Как прошел день, Надя не помнила. Следующей ночью она почти не спала, ей было очень душно, хотя она оставила окно распахнутым и не стала задергивать шторы. Кажется, к утру удалось немного задремать, но почти сразу жарко засветило рассветное солнце, и спать стало невозможно. Надя полежала с открытыми глазами; солнце с упреком высвечивало густую комнатную пыль. Мысль о том, что сегодня она увидится с Юрой, застывала внутри липким страхом: что она ему скажет? и как она будет это говорить? Показалось, что все уже случилось: ее нелепые слова проговорены и записаны в вечности; осталось только догнать это событие на острой оси времени. Нужно было вставать. Надя долго кисла под горячей водой в пустой гулкой душевой, среди пара, подсвеченного голубыми лампами. В комнате она переоделась в летний сарафан (все-таки ещё было лето) и джинсовку. По-хорошему, нужно было подождать, пока высохнут волосы, но комната душила, и Надя сразу отправилась на остановку. Она шла сквозь нежное пустое утро мимо гаражей, мимо второго корпуса университета, в котором училась, и который сейчас казался покинутым навсегда, мимо закрытых магазинов и аптек; потом долго стояла на пустой остановке.
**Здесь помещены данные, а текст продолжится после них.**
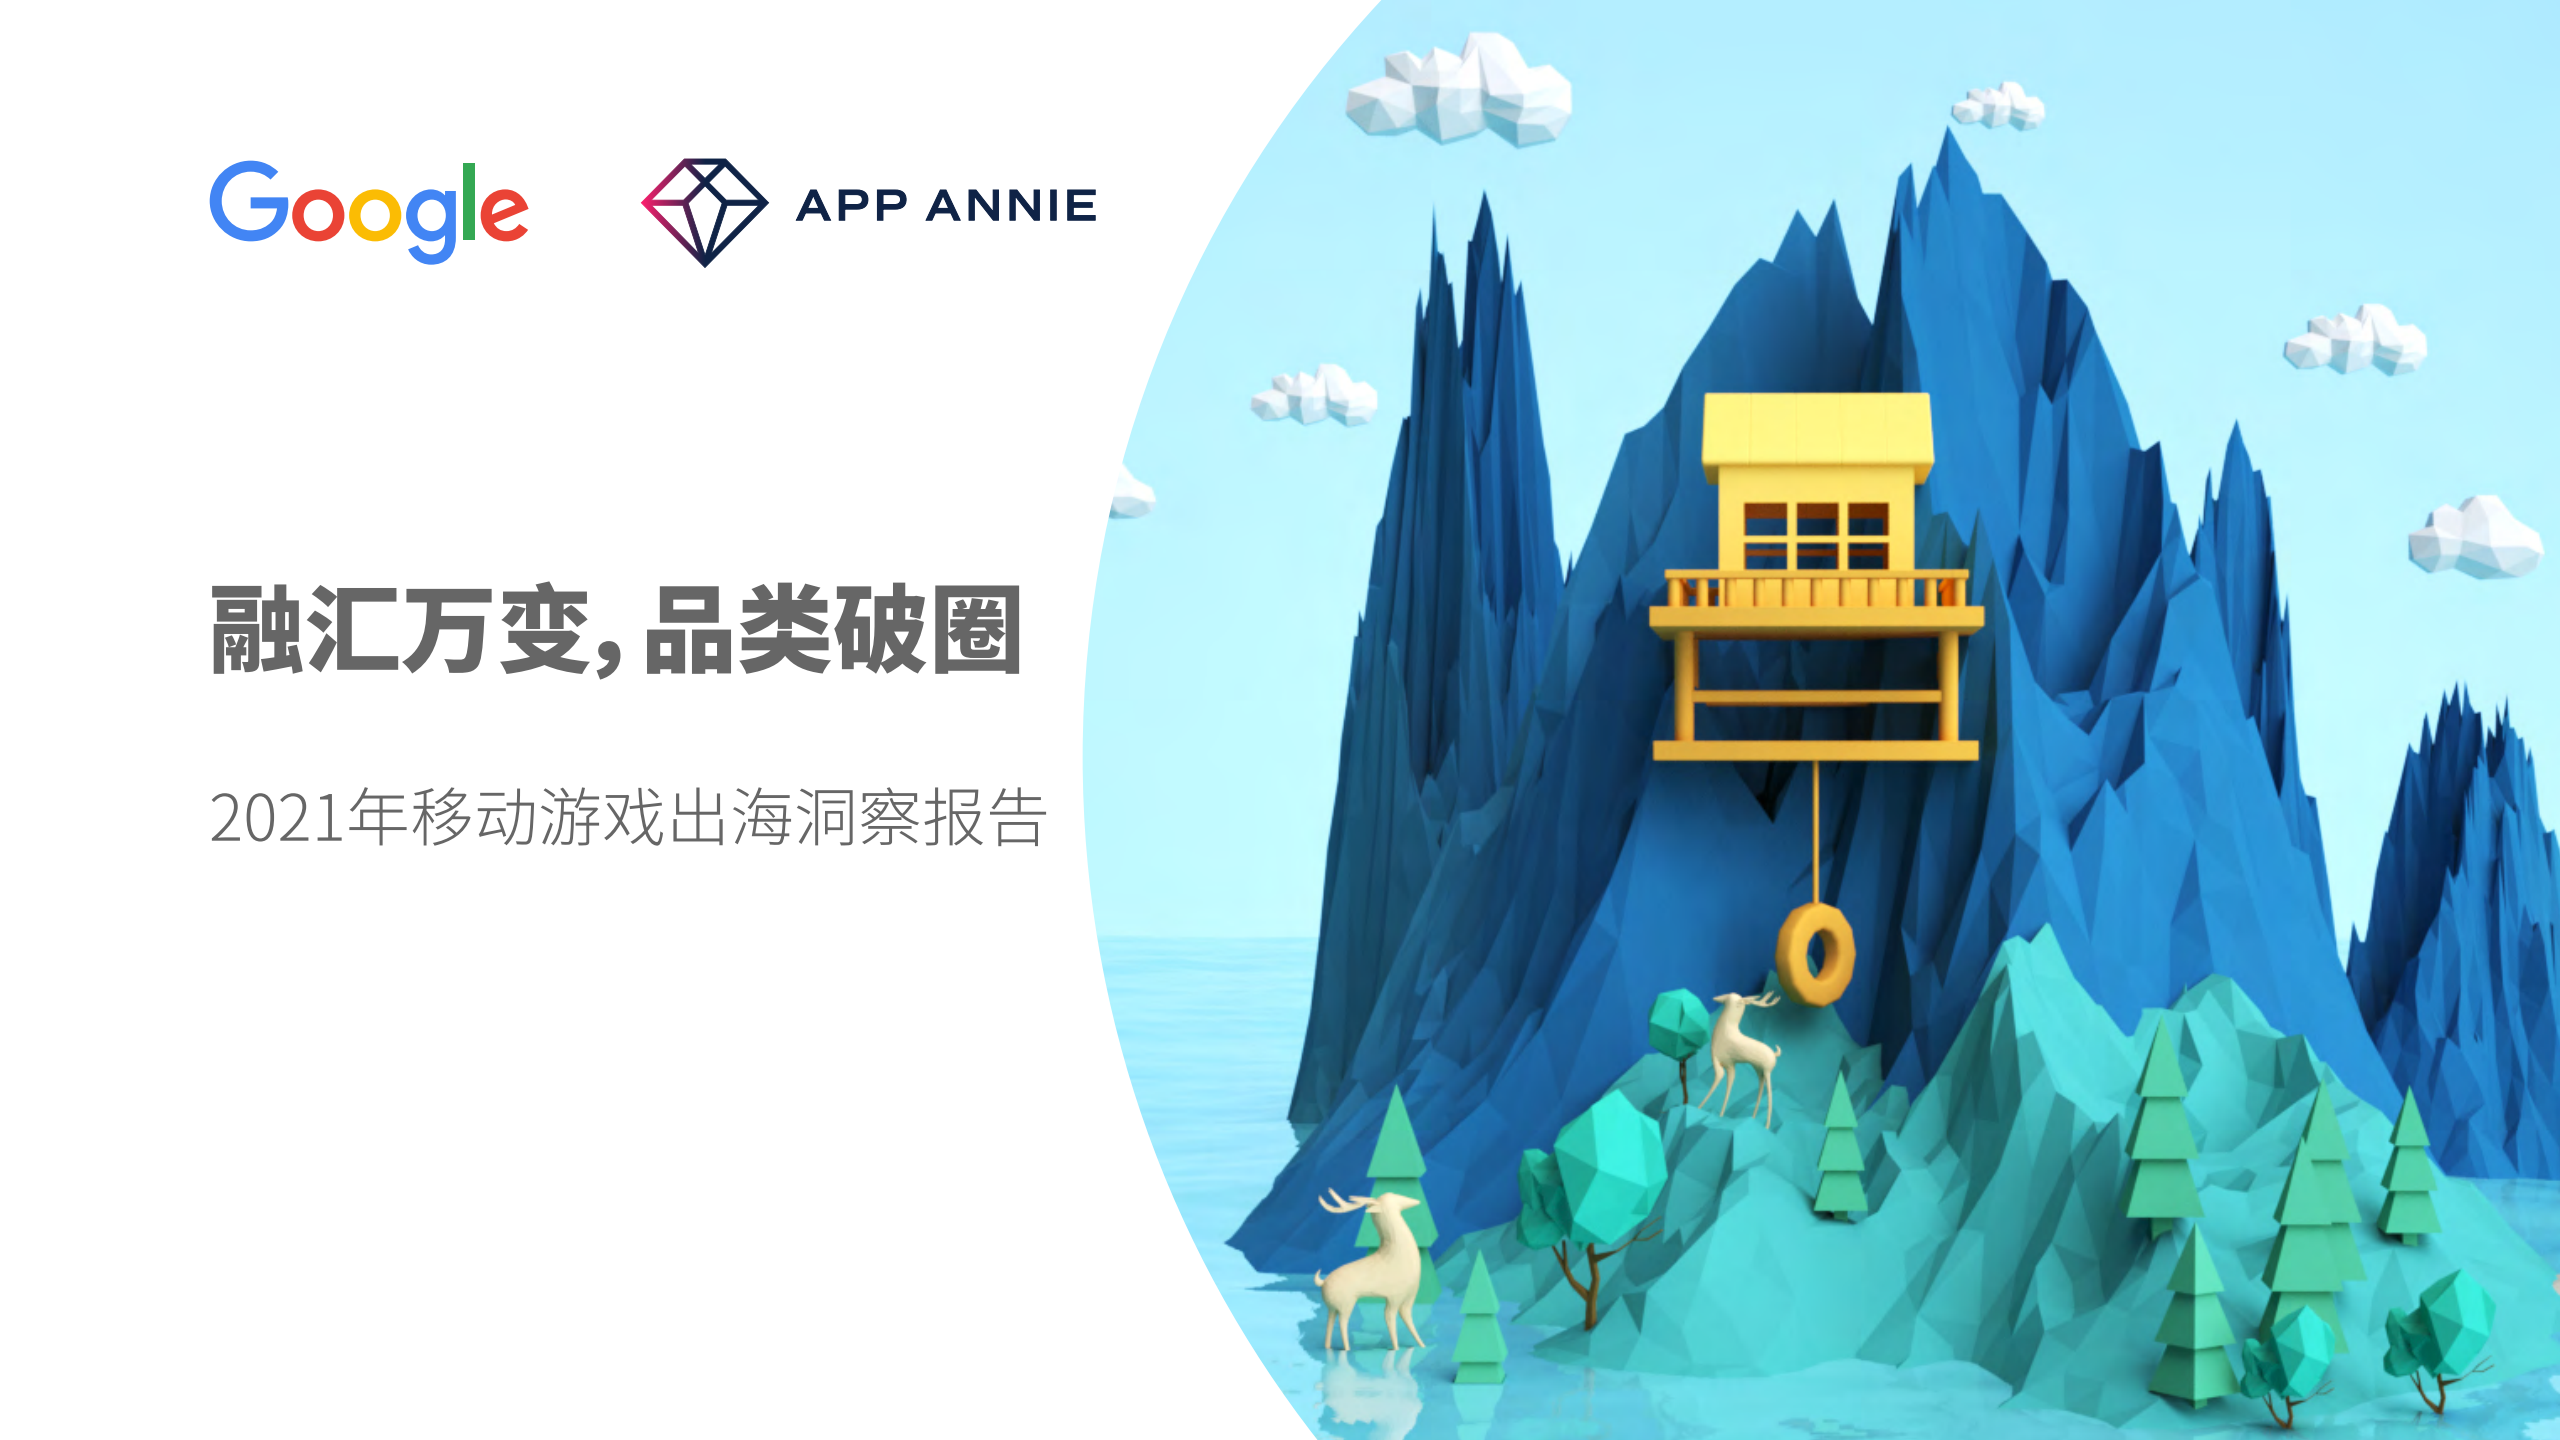 App Annie&Google：2021年移动游戏出海洞察报告

Когда, наконец, подошел троллейбус – трясущаяся «четверка», – Надя машинально провела рукой по волосам и поняла, что они уже успели высохнуть. Еще она вспомнила, что не накрасила глаза.

Надя вышла на остановке «Голубой огонек». Ей нравилось это название: что-то в нем было такое, из детства. Пешеходная улица была наполнена солнцем и звала гулять. Надя достала телефон: девять двадцать, пришла на сорок минут раньше. На углу была кофейня, туда заходили какие-то бодрые люди. Надя вспомнила, что ничего не ела со вчерашнего утра, но от мыслей о еде и от запаха кофе замутило. Она прошла немного по пешеходной улице и услышала громкий звук, напоминающий тягомотное подключение старого модема к сети. Потребовалось несколько секунд, чтобы понять, что эта жуть происходит у нее в животе. И здесь уже не до метафор – живот урчал самым подлым образом, готовясь выставить ее неэстетичное естество перед Юрой. Охваченная паническим пламенем, Надя забежала под красную вывеску «Продукты».
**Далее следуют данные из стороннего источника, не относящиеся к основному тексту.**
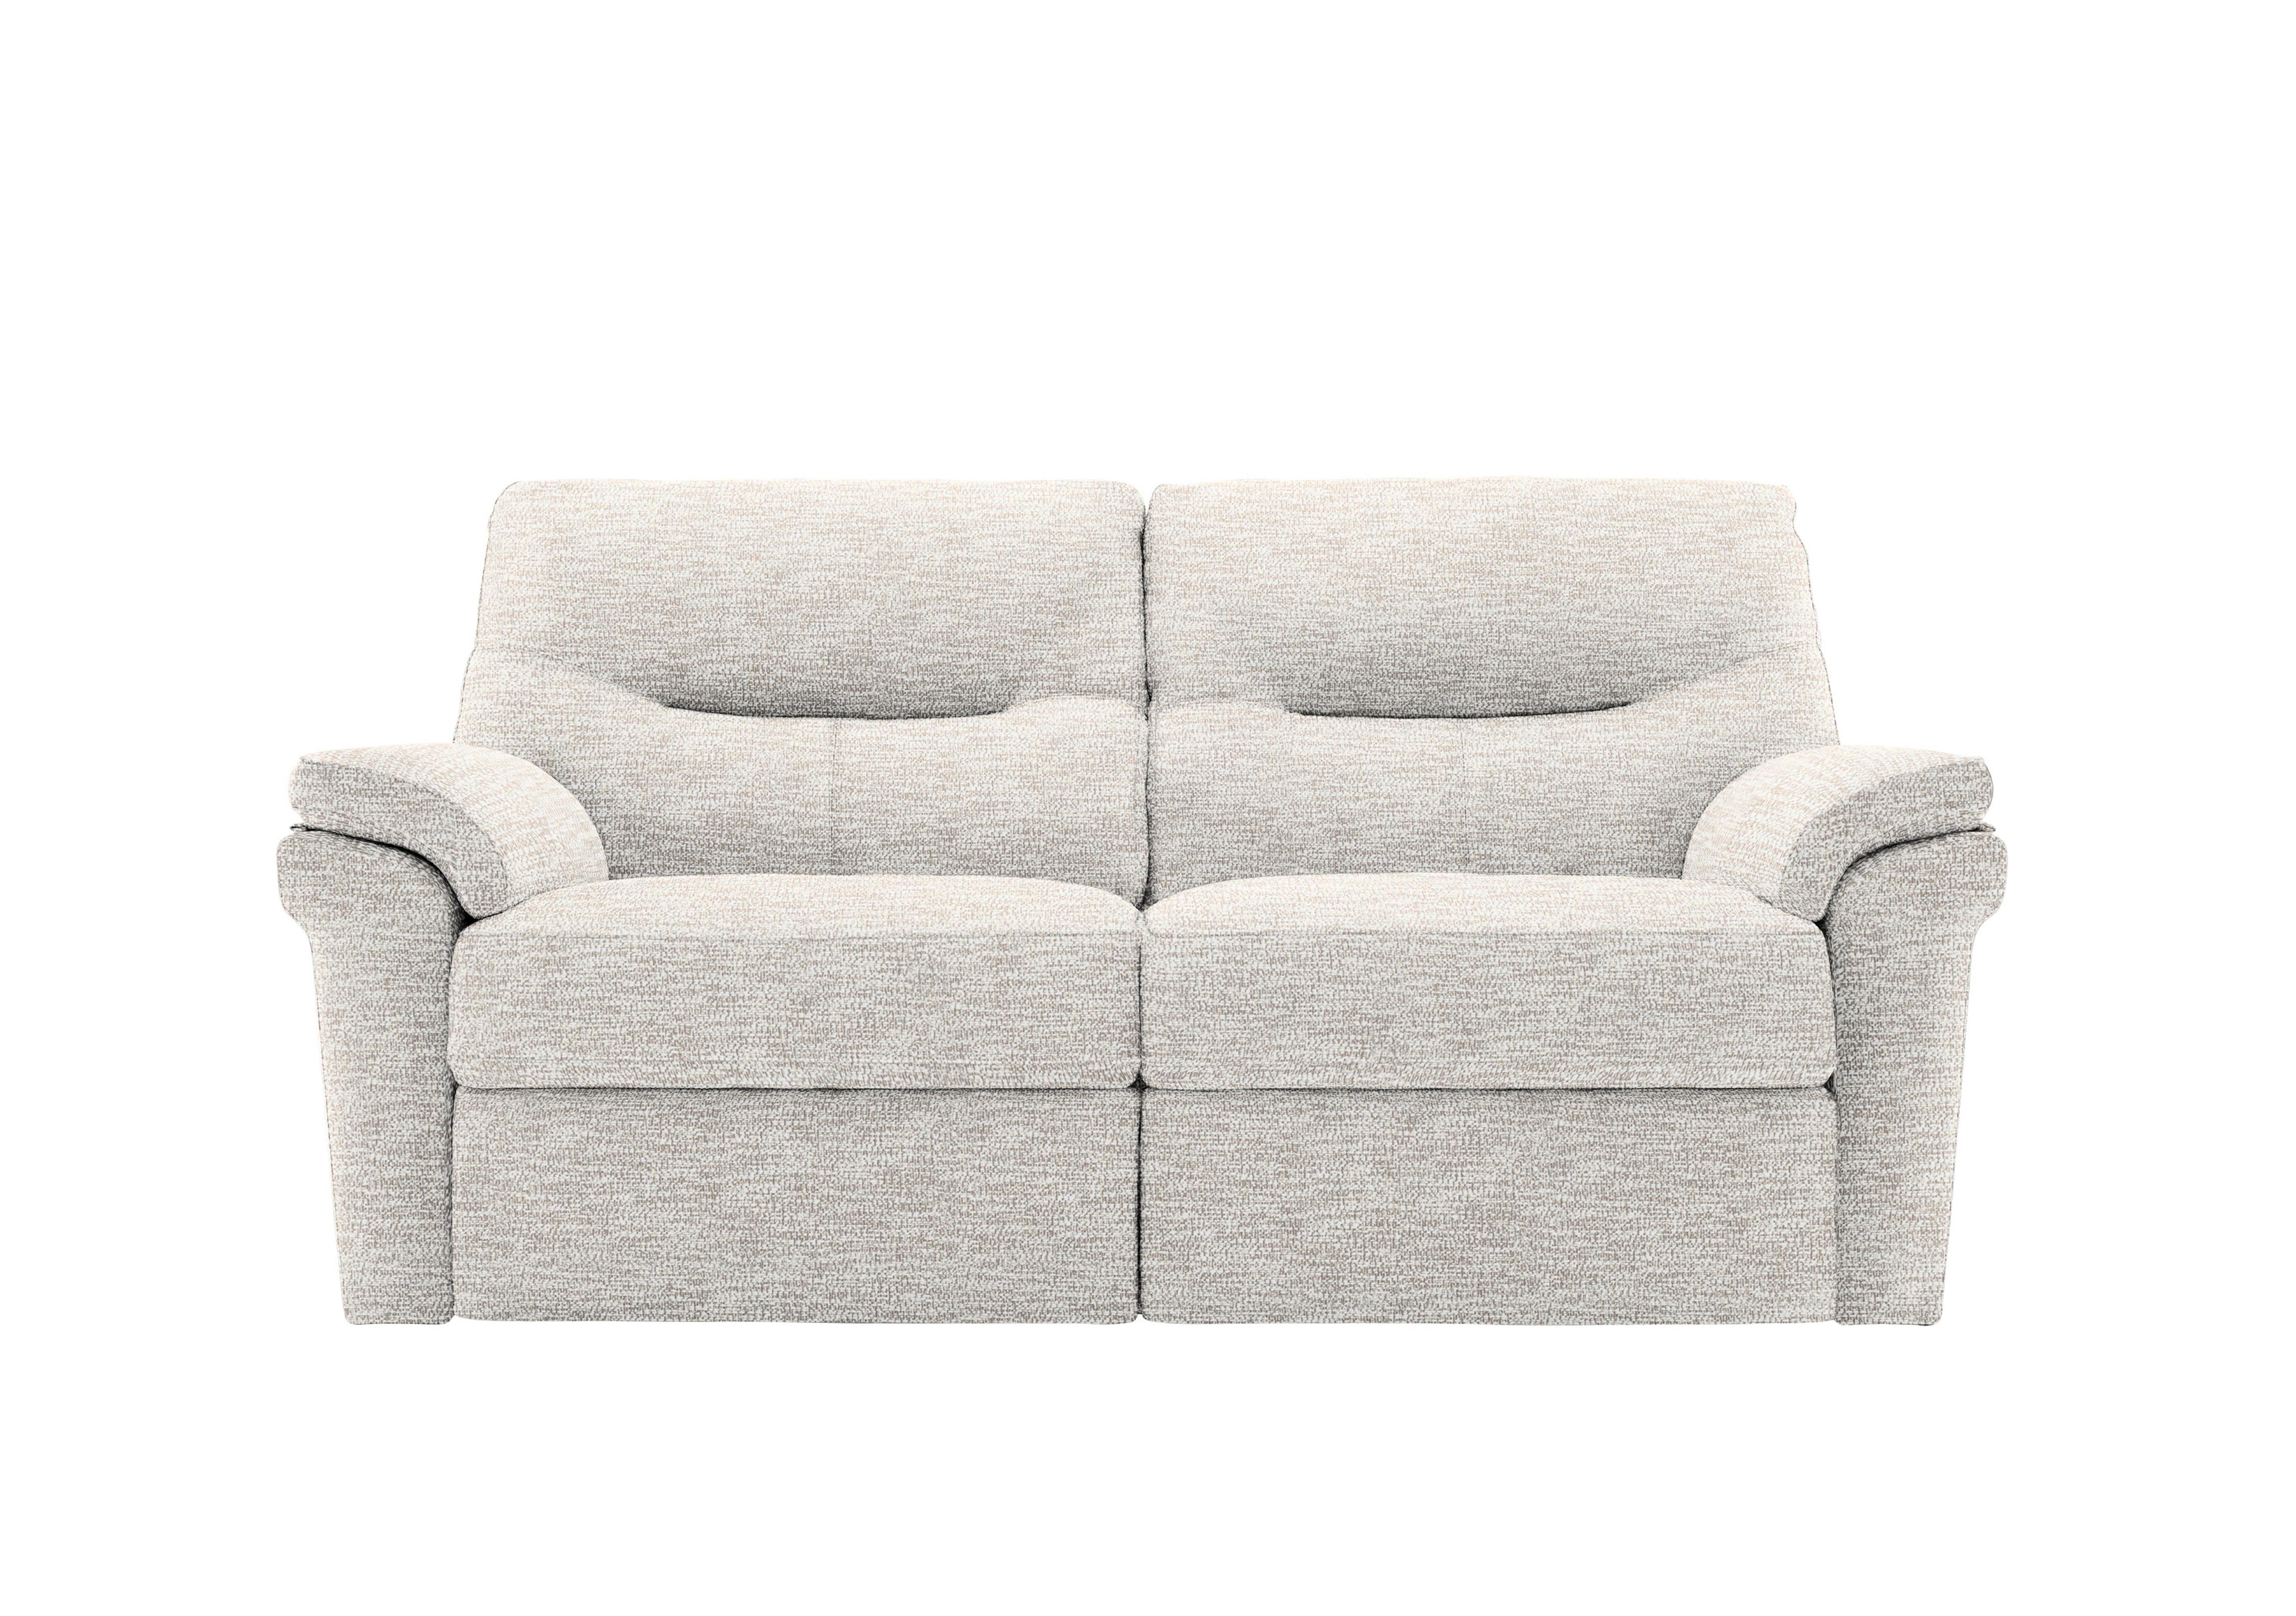 Seattle 2.5 Seater Fabric Sofa in C931 Rush Cream on Furniture Village

Это был маленький магазинчик, скорее Исилькульского, а не Омского, типа. Пахло сушеной рыбой, плотно наставленные холодильники с мороженым и пельменями испускали невыносимый жар, душное пространство было наполнено песней: Пусть говорят, что дружбы женской не бывает. Наде не верилось, что здесь можно купить что-нибудь свежее, но она решила рискнуть и попросила питьевой йогурт.
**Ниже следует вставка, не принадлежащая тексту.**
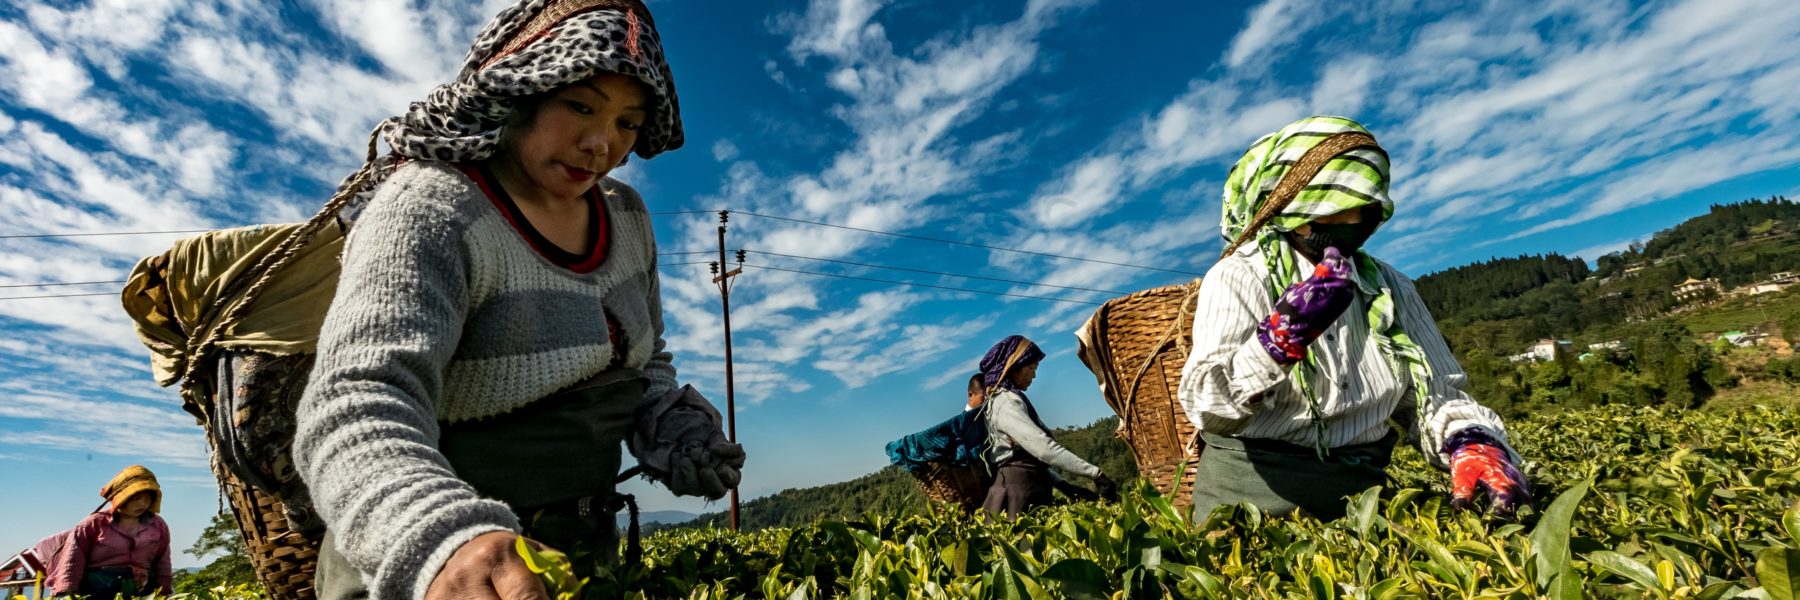 Women farming

– Вам с каким вкусом? – продавщица, почему-то одетая в шерстяную водолазку, смотрела на Надю с любопытством.

– А какой есть? – вообще-то, Наде было не важно, с каким вкусом она купит йогурт, лишь бы живот перестал урчать.

– Клубника, вишня. А, вообще-то вишни нет.

– Ну давайте клубнику. Он свежий?

– Свежий. Тридцать четыре пятьдесят, – продавщица внимательно смотрела, как Надя достает кошелек и отсчитывает мелочь. – Минералку-то не будете брать?

– Нет, – Надя не поняла, при чем тут минералка. Мелочь почему-то не хотела считаться. – Вот тридцать один, два, так, вот еще два, сейчас еще пятьдесят копеек…

– Да ладно, – продавщица на фоне слов «Что мы с тобою ни на что не променяем Сердечной дружбы, нам подаренной судьбой» казалась королевой милосердия. – Потом занесете.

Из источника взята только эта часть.